The only other thing I can think of is to check your extractor for chips. I once chipped the extractor on my G17 Gen 4. It could have been from letting the gun slam shut on a empty chamber I don't really know. That was the one time it let me down. Had a couple stove pipes but it still functioned most of the time. I was getting some pretty erratic ejection though I could see some coming over the top and falling to the left side. I think it was a $10 part and a 5 min repair.

The one and only time I know for a fact limp wristing was an issue is when my wife shot my G42 she would shoot it and the round would not eject. I picked it up POW POW POW no issue went back and forth a couple times then it hit me she was not getting a firm grip. I told her to grip it better and after that she has not had an issue.

It was in the 50's here in ohio in febuary on a Saturday so I was able to head out to the outdoor range with my G19 and a few other friends. Loaded my G19 up with some 115 grain ammo and went to work on some steel. POW POW POW PING PING PING Whaaa Hooooo about 150 times no issues.


----------



## Craigh

rustygun said:


> POW POW POW PING PING PING Whaaa Hooooo about 150 times


Darn, my friend. Is that the sound a G19 makes with a chipped extractor? Doesn't sound very good.


----------



## Blackhawkman

Limp wristing with lighter bullets can cause issues. I've used 124 & 147 gr ammo with 0 trouble. 

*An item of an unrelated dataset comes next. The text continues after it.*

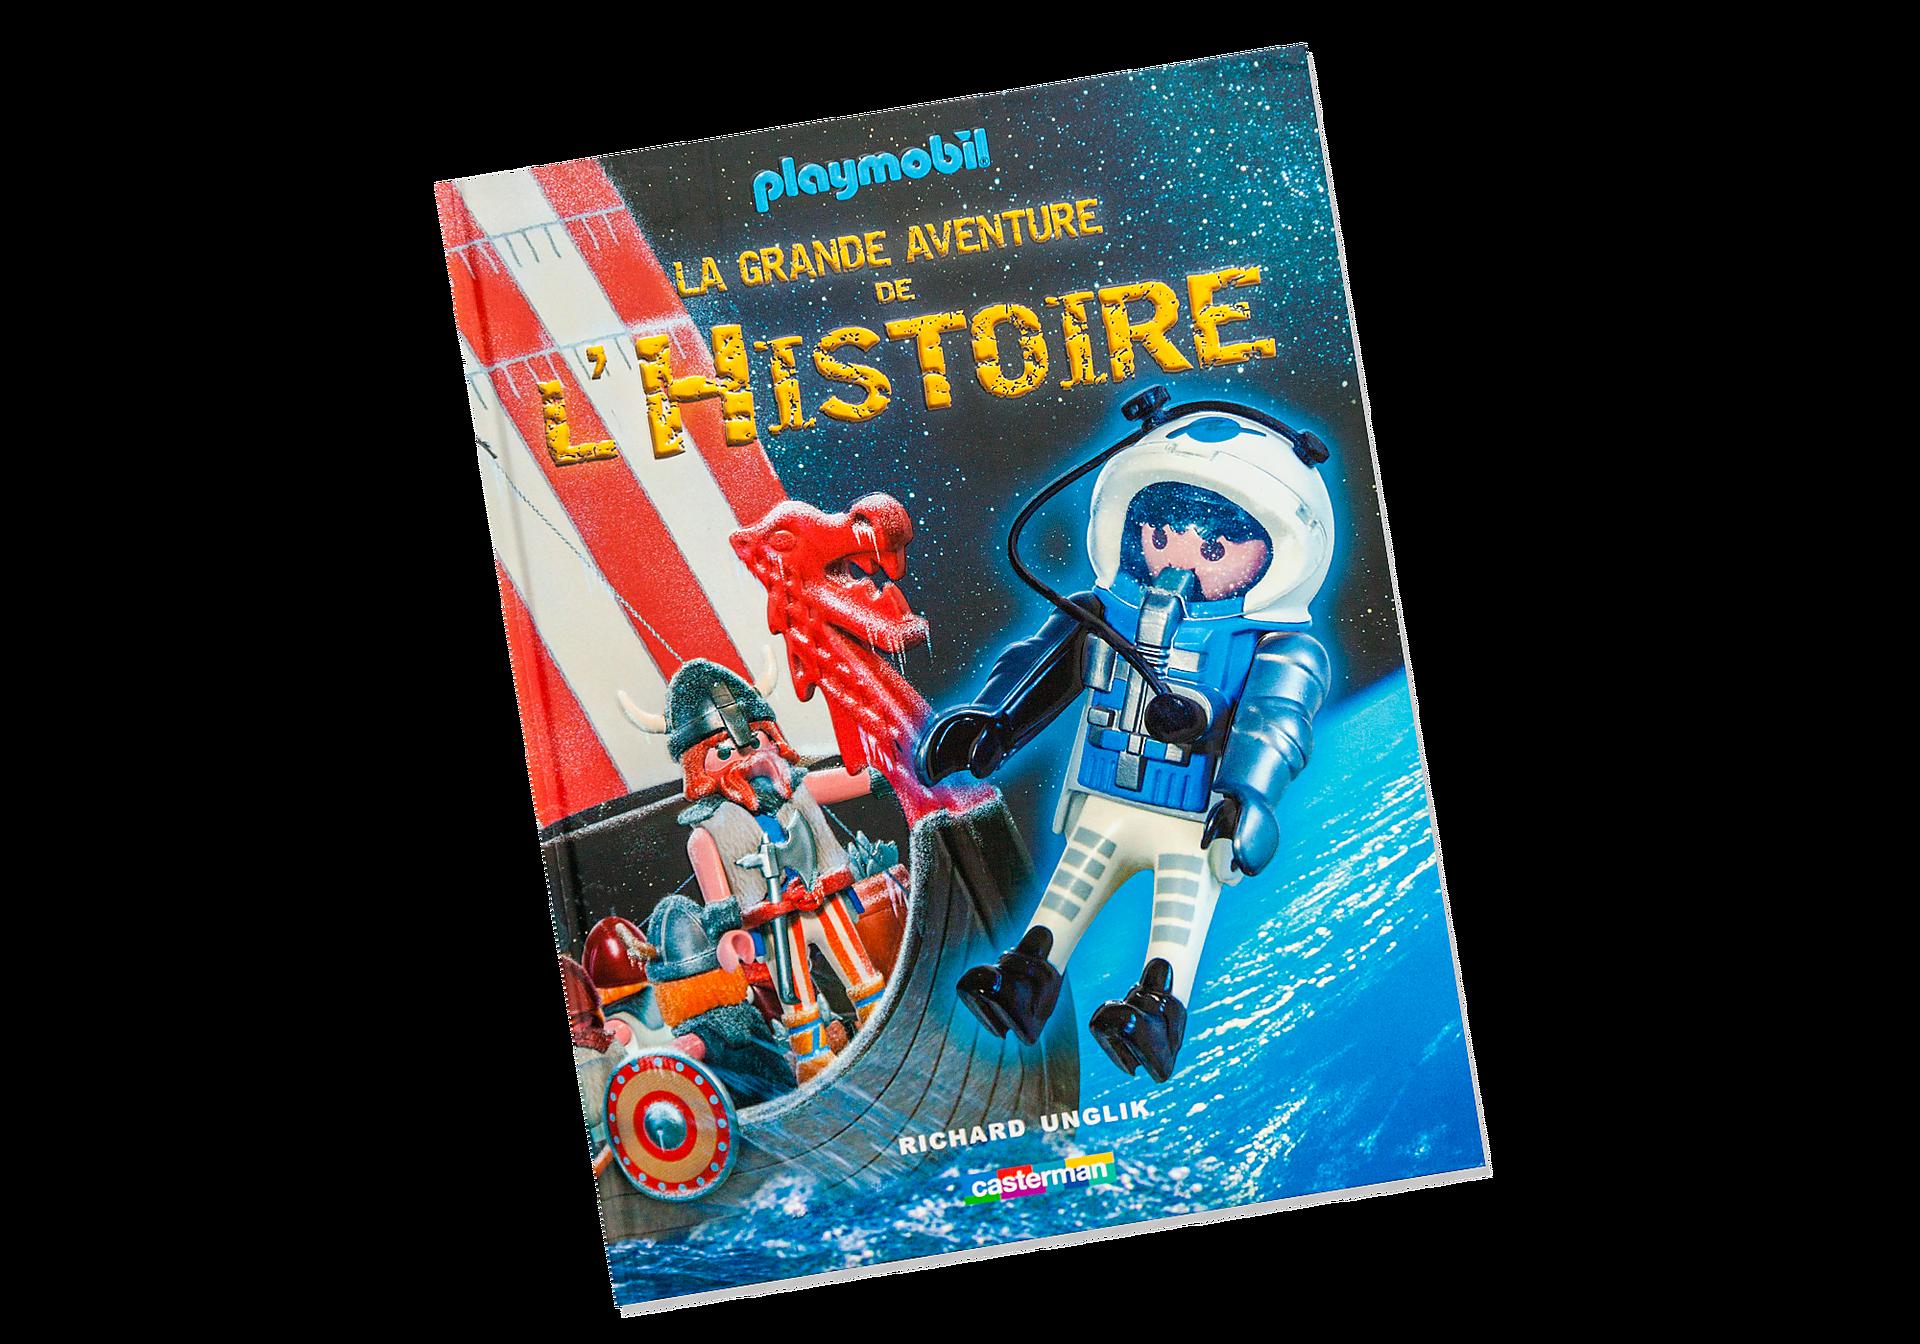 http://media.playmobil.com/i/playmobil/80042_product_detail/La grande Aventure de I`Histoire avec PLAYMOBIL français

Sent from my iPhone using Tapatalk


----------



## Kennydale

I have had a few bad (Almost catastrophic) Winchester White Box rounds (That's off my list now) I prefer Freedom Munitions, American Eagle, and a local maker Orr Tactical for target ammo.


----------



## Blackhawkman

I also have lone Wolf recoil spring assys in all my Glocks. A guy at the range last week had similar trouble. Limp wristing was "his" problem and cheap 115 gr ammo. I use American Eagle & Remington 124 & 147 gr ammo. I haven't had any issues with my Gen4 17 and Gen3 19. My Gen3 21 will gobble up any/all 45 acp ammo except SWC's. Feed ramp geometry???? FWIW


----------